Riyadh, Saudi Arabia
As hunger strikes go, the 48-hour fast that Fowzan Mohsin al-Harbi and 39 other Saudis plan to stage this week is not likely to have a dramatic outcome.
Rather, says the mechanical engineer, the rare public protest is meant to make a statement about the prolonged detention of 11 men who had called for political reforms in this country.
"It's just a symbol to [draw] attention to our case," says Mr. Harbi, who works at King Abdul Aziz City for Science and Technology in Riyadh. "Yeah, I'm afraid," he adds. "But what can we do? We have to ask for our rights.... We have to move, like every people in the world."
In a sense, the hunger strike is a "virtual" protest. Organizers are publicizing it on Facebook.com and their own website. Word is also being spread by several Saudi bloggers.
This online communication is key since the participants plan to refrain from all food and drink in their own homes Thursday and Friday, the weekend here, so as to avoid violating a ban on unauthorized assemblies.
"If we get in one place, we might get in trouble," says Mohammad Fahd al-Qahtani, a professor of economics who also hosts a local television program.
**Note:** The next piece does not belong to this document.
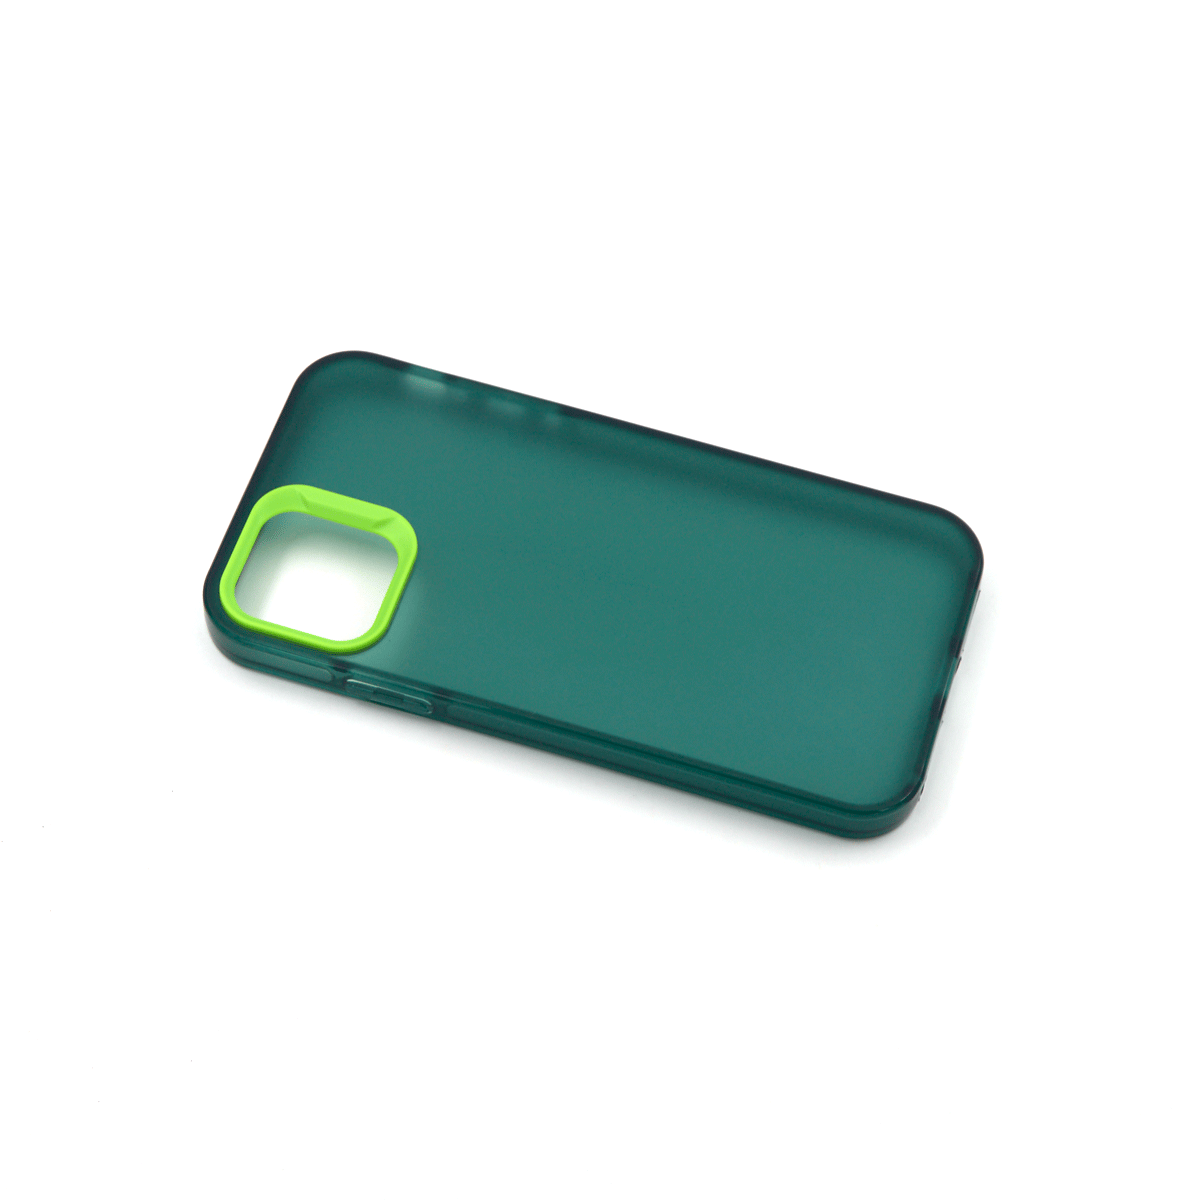 Tpu cool color for iphone 11 (6.1") green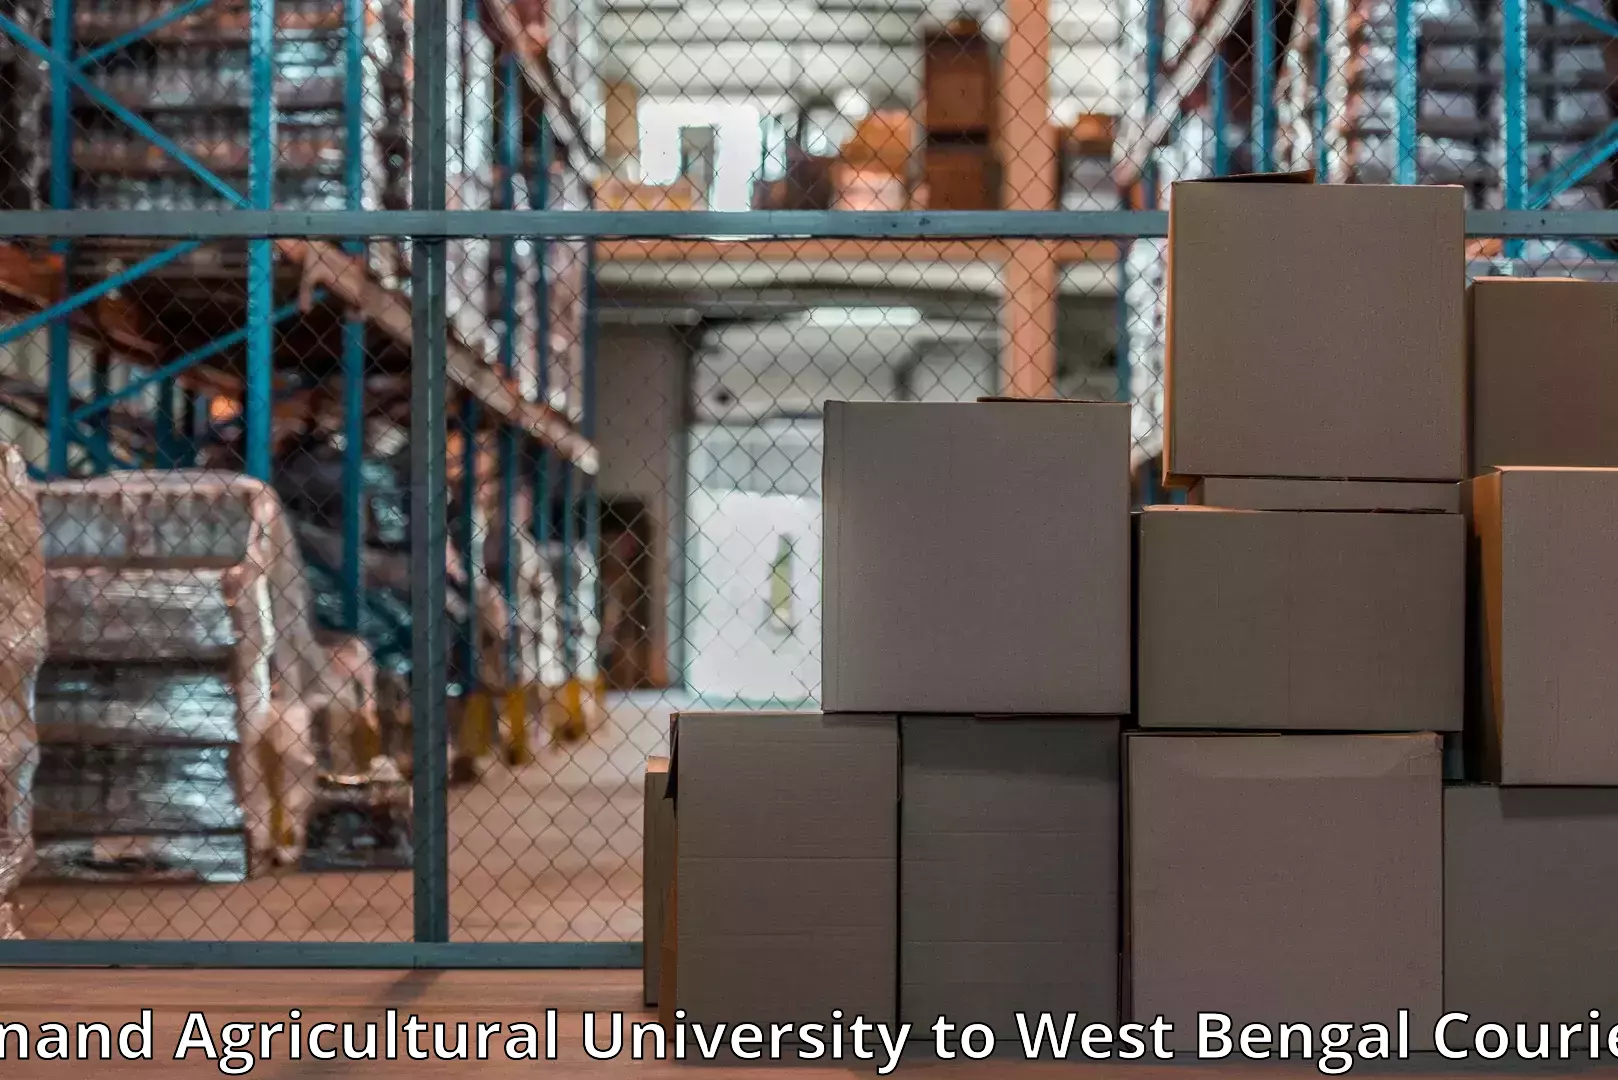 Furniture moving experts Anand Agricultural University to Joypul

"It's the first time that activists are doing something like this," Mr. Qahtani says of the online publicity. "Now we are using new tactics."
The protest, said to be the first of its kind in recent memory, tests the boundaries of what is permissible in Saudi Arabia, an absolute monarchy that forbids political parties and rallies.
Under King Abdullah bin Abdul Aziz, Saudis have been allowed to openly discuss reforms in such areas as education, women's rights, labor rules, economics, and domestic abuse. But there is little tolerance for political dissent, and harsh criticism of officials is often severely punished.